Теперь Дора могла вновь поднять голову и вспомнить о человеческой гордости. Ей без конца хотелось обнимать прохожих, благодаря каждого из них за то здоровое общество, которое им удалось построить. «Спасибо, спасибо!» – шептала краешком губ она, видя перед собой очередное лицо, тут же хохотала от собственной экстравагантности, но уже в следующее мгновение поддаваясь соблазну благодарить еще и еще. Порой даже боялась, как бы ее не приняли за помешанную. Но в действительности оно так и было, она и правда сходила с ума от счастья и хмелела от радости, сгорая от жажды жить!
На Арбате ей только в самый последний момент удалось сдержаться и не упасть в ноги спокойно шагавшему по тротуару старику после того, как по выстроившимся в ряд на его пиджаке медалям она поняла, что перед ней герой Октябрьской революции, которому можно выразить вечную благодарность.
Вечером Дора отправлялась в театр, одеваясь соответственно случаю. Ей посоветовали две лавки – одну на Петровке, торговавшую шляпками, другую в Столешниковом переулке, там можно было приобрести платье.
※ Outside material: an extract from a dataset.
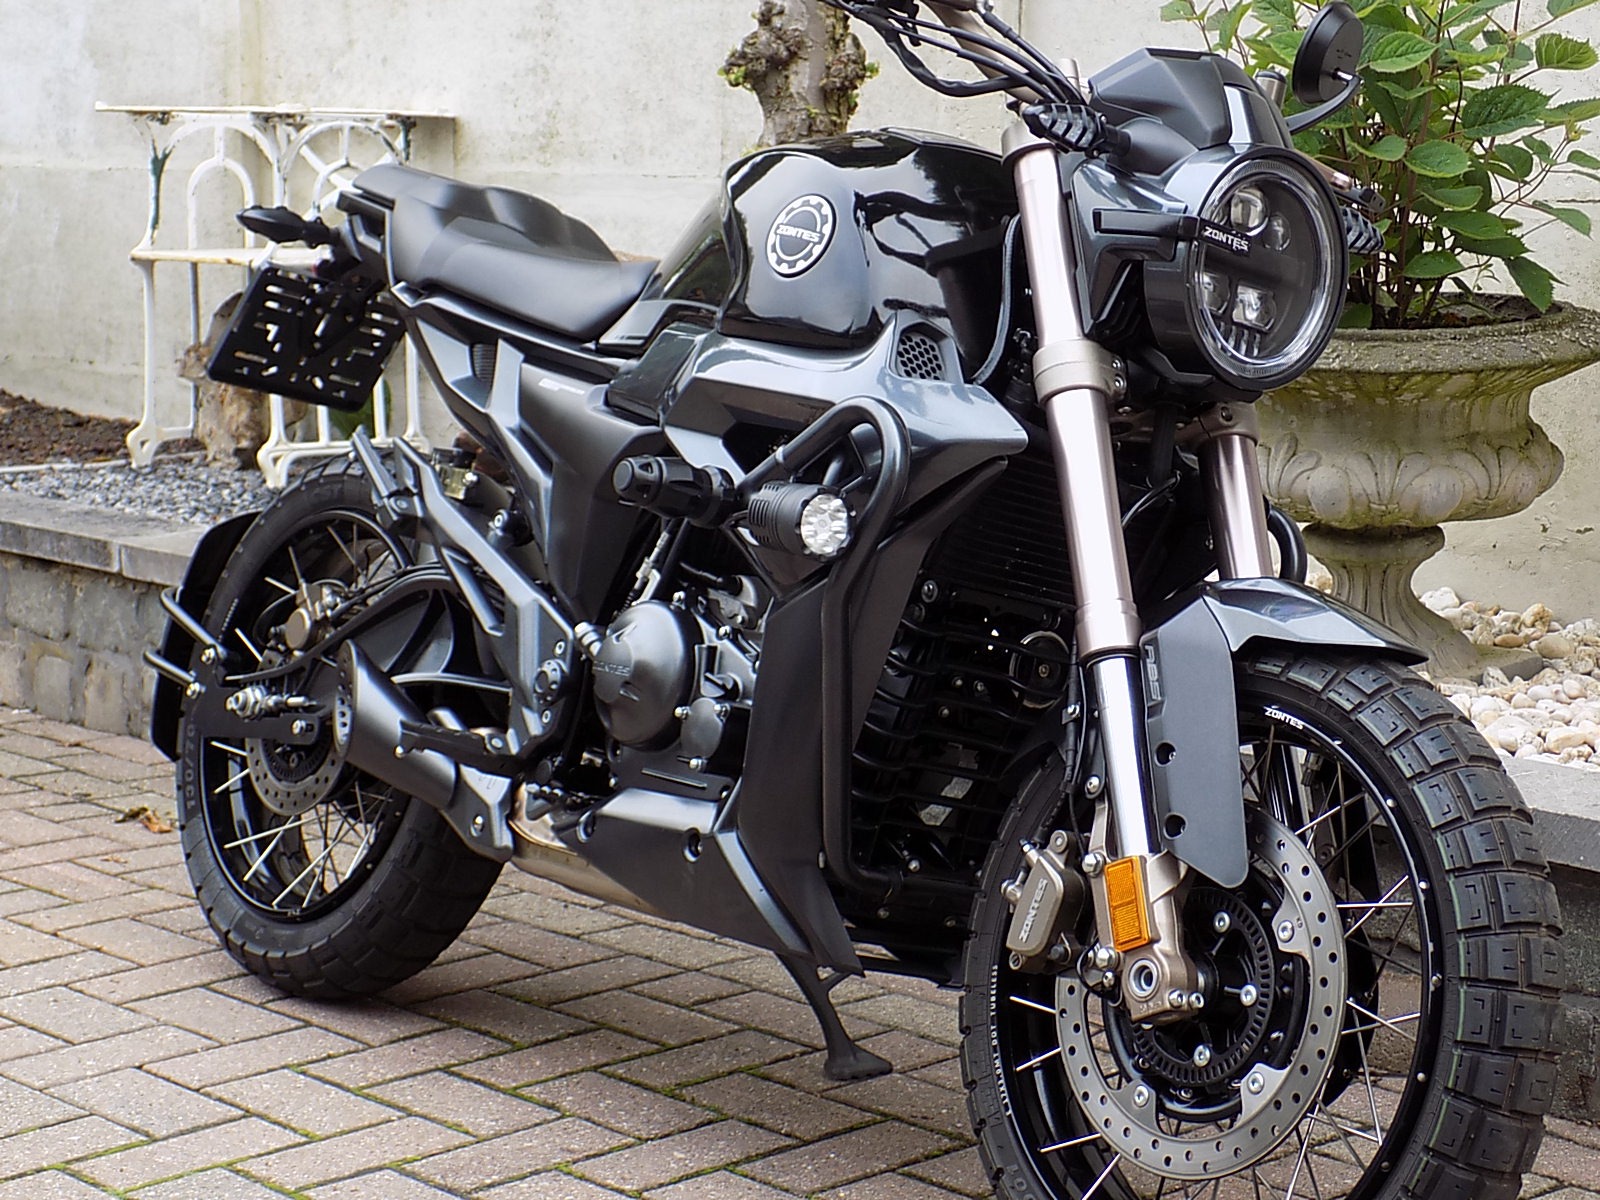 Je bekijkt nu Zontes G 125 cc scrambler moto (VERKOCHT)!!!

Она была счастлива просто их примерить, уверенная, что уже в ближайшем будущем сможет себе что-то подобное позволить. По правде говоря, ей не было никакого дела до латаных обносков, в которых приходилось ходить, ибо кто теперь вообще интересовался подобной буржуазной чепухой? Сегодня больше не было ни бедных, ни богатых. Революция не только одолела нужду, но и с корнем вырвала любое неравенство. Авангардом этой борьбы был театр, а авангардом ему самому служила Революция. Разве великий Маяковский не сказал, что «партия – рука миллионнопалая, сжатая в один громящий кулак»?
На прошлой неделе она смотрела постановку «Кабалы святош» по пьесе Булгакова, романы которого просто обожала. И ничуть не разочаровалась. А позавчера сходила на «Леди Макбет Мценского уезда», последнюю работу Шостаковича. На следующий день не поняла, почему «Правда» устроила спектаклю разнос и по какой причине Сталин, если верить критикам, ушел, не дожидаясь конца.
В ее заявлении о приеме в ряды партии, адресованном Центральному Комитету, содержались такие слова: «Я хотела бы стать членом партии большевиков, потому что стремлюсь приносить пользу в качестве активного члена рабочего движения и вместе с ним строить социализм. Именно партии я обязана переменами в моей жизни и личной свободой».
Дора подумывала вновь выйти на подмостки, присоединившись к какой-нибудь театральной труппе. Снова окунуться с головой в свою первую страсть. Забыть на время Маркса и декламировать Шекспира. Разве борьба не закончилась? Москва давно стала городом любых свершений, в котором царят справедливость, равенство и вновь обретенный мир.
Все эти годы сражений, жертв, убитых и брошенных в тюрьму товарищей были не зря. Они оказались правы и решили все верно. Господи, как же ей хотелось бы, чтобы это увидел Франц! Того мира, который он описывал в своих романах, больше не существовало.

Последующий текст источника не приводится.